Twenty-Seventh Symposium (International) on Combustion/The Combustion Institute, 1998/pp. 2165–2171
COMBUSTION-INDUCED PRESSURE EFFECTS IN SUPERSONIC DIFFUSION FLAMES K. H. LUO1 and K. N. C. BRAY2 1Department of Engineering Queen Mary and Westfield College London E1 4NS, UK 2Department of Engineering University of Cambridge Cambridge CB2 1PZ, UK
A turbulent diffusion flame at a convective Mach number 1.2 was investigated using direct numerical simulation (DNS). The DNS employed the full time-dependent compressible Navier–Stokes equations coupled with a one-step chemical reaction governed by the Arrhenius kinetics. Detailed study of combustion-induced pressure effects on turbulence generation, conserved scalar, and stagnation enthalpy transport was conducted. Local countergradient diffusion (CGD) of a conserved scalar flux was observed for the first time in a diffusion flame where heat release was strong enough while gradient diffusion prevailed when heat release was zero or weak. The CGD occurred in spite of the absence of an externally imposed mean pressure gradient and was attributed to combustion-induced pressure fluctuations. The balance of the turbulent kinetic energy budget was strongly influenced by the pressure dilatation and the (combustioninduced) mean pressure work when heat release was strong.
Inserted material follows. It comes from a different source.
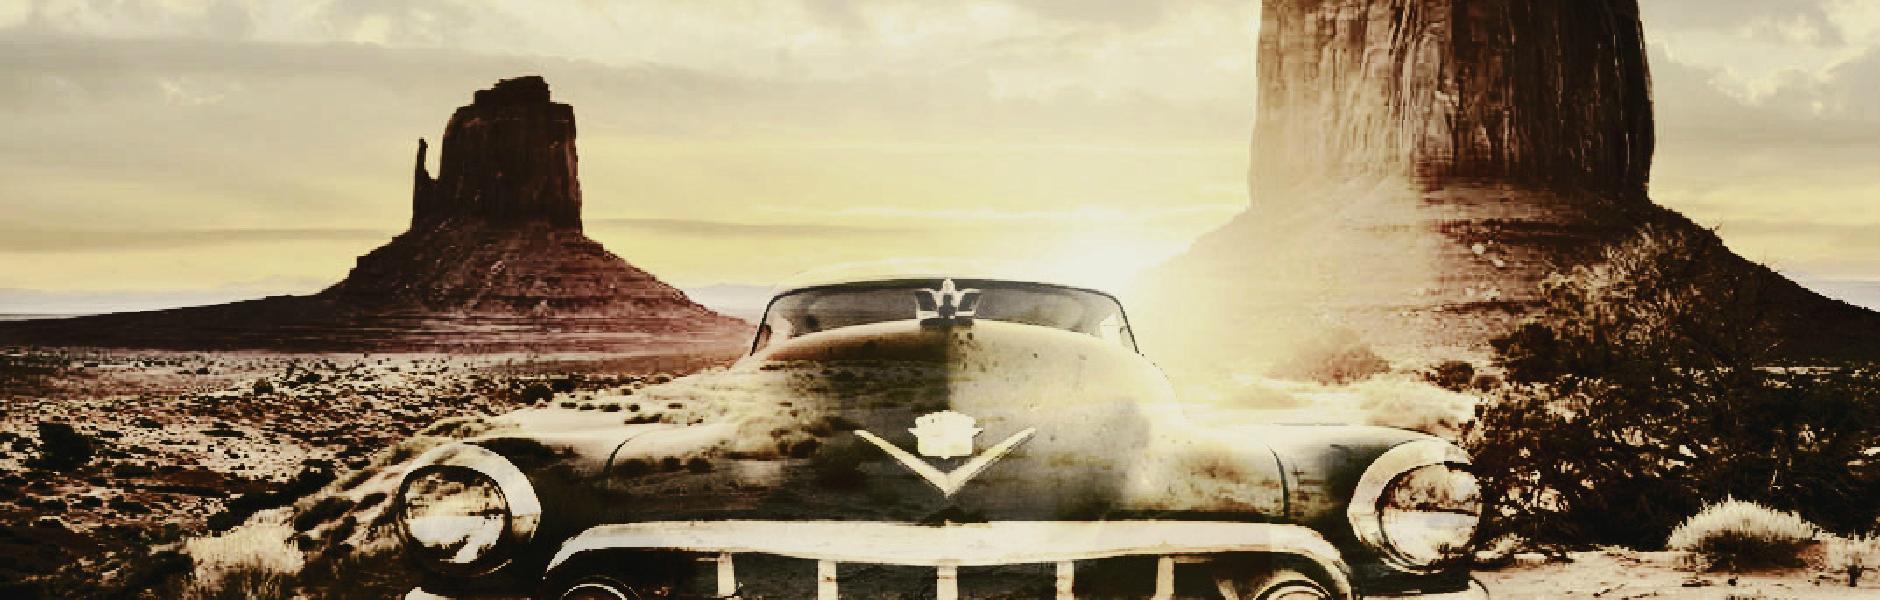 Stone Age Cadillac
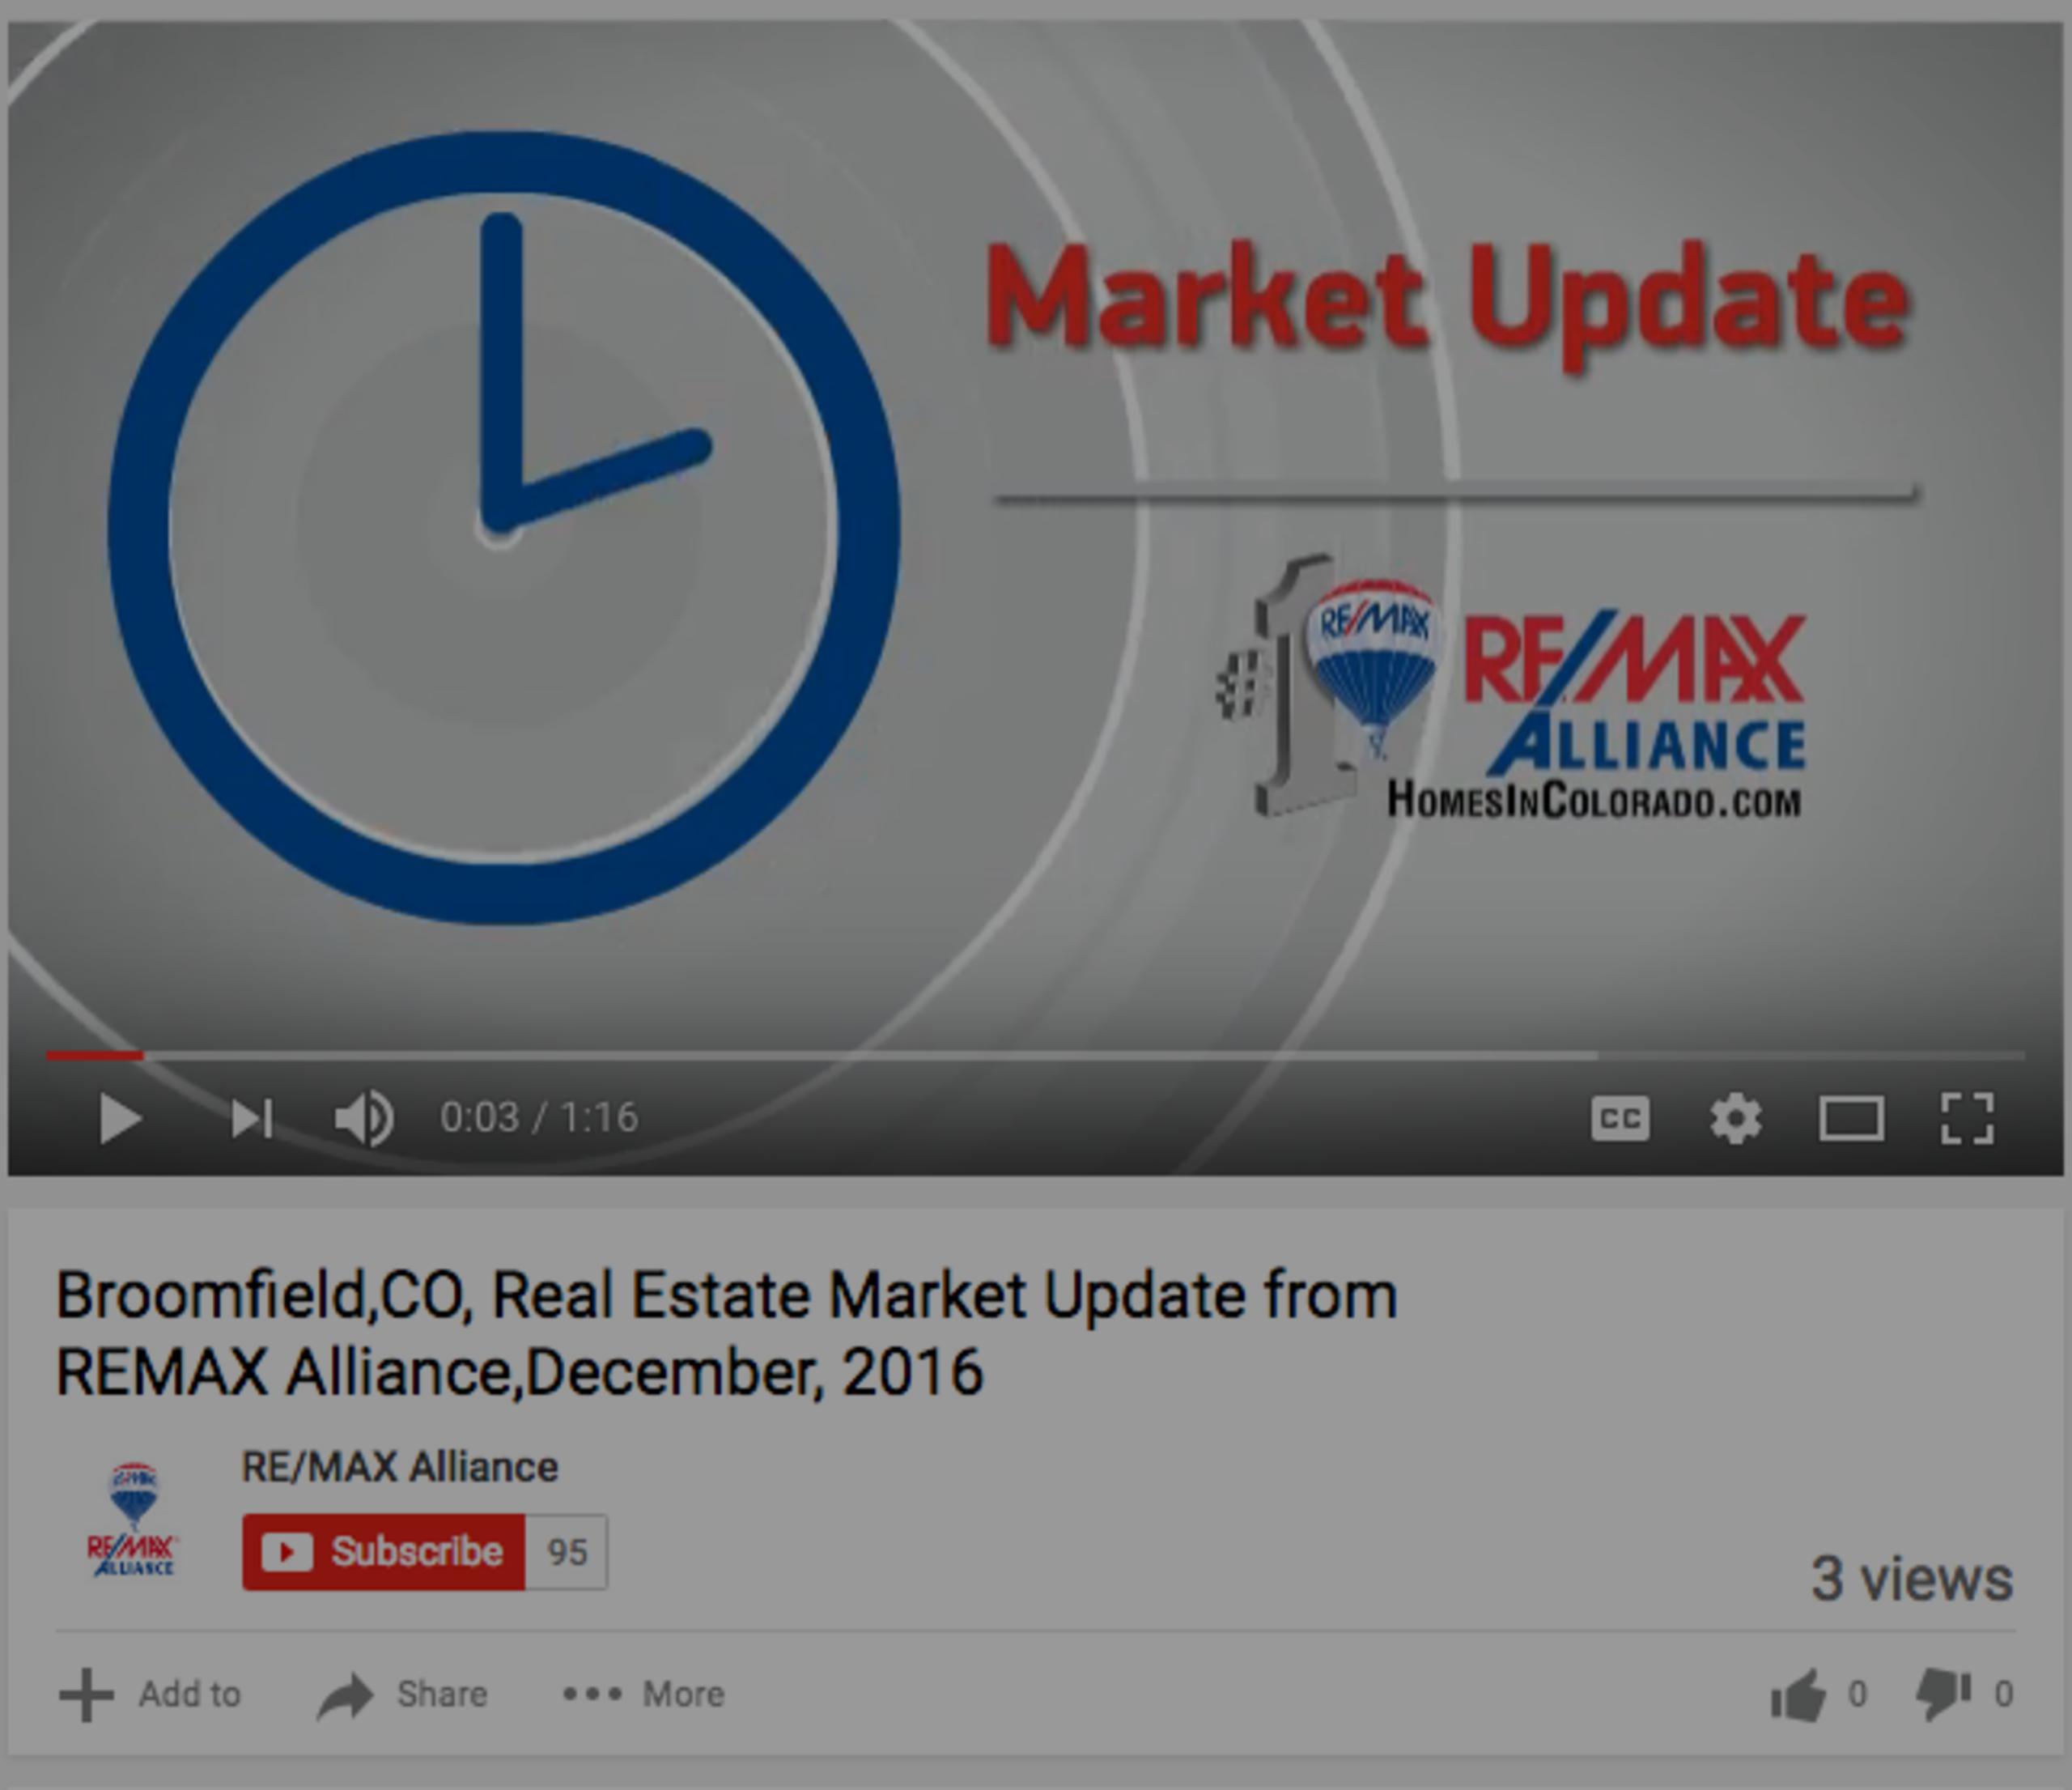 Broomfield Real Estate Market Update December 2016

Both terms can be a source or a sink of turbulence, depending on the intricate interactions between turbulence and combustion. However, the temporal change in pressure ]p/]t had an insignificant influence on the stagnation enthalpy transport. A linear relation between the stagnation enthalpy and the mixture fraction was confirmed, which could lead to considerable simplification in modeling high-speed turbulent combustion.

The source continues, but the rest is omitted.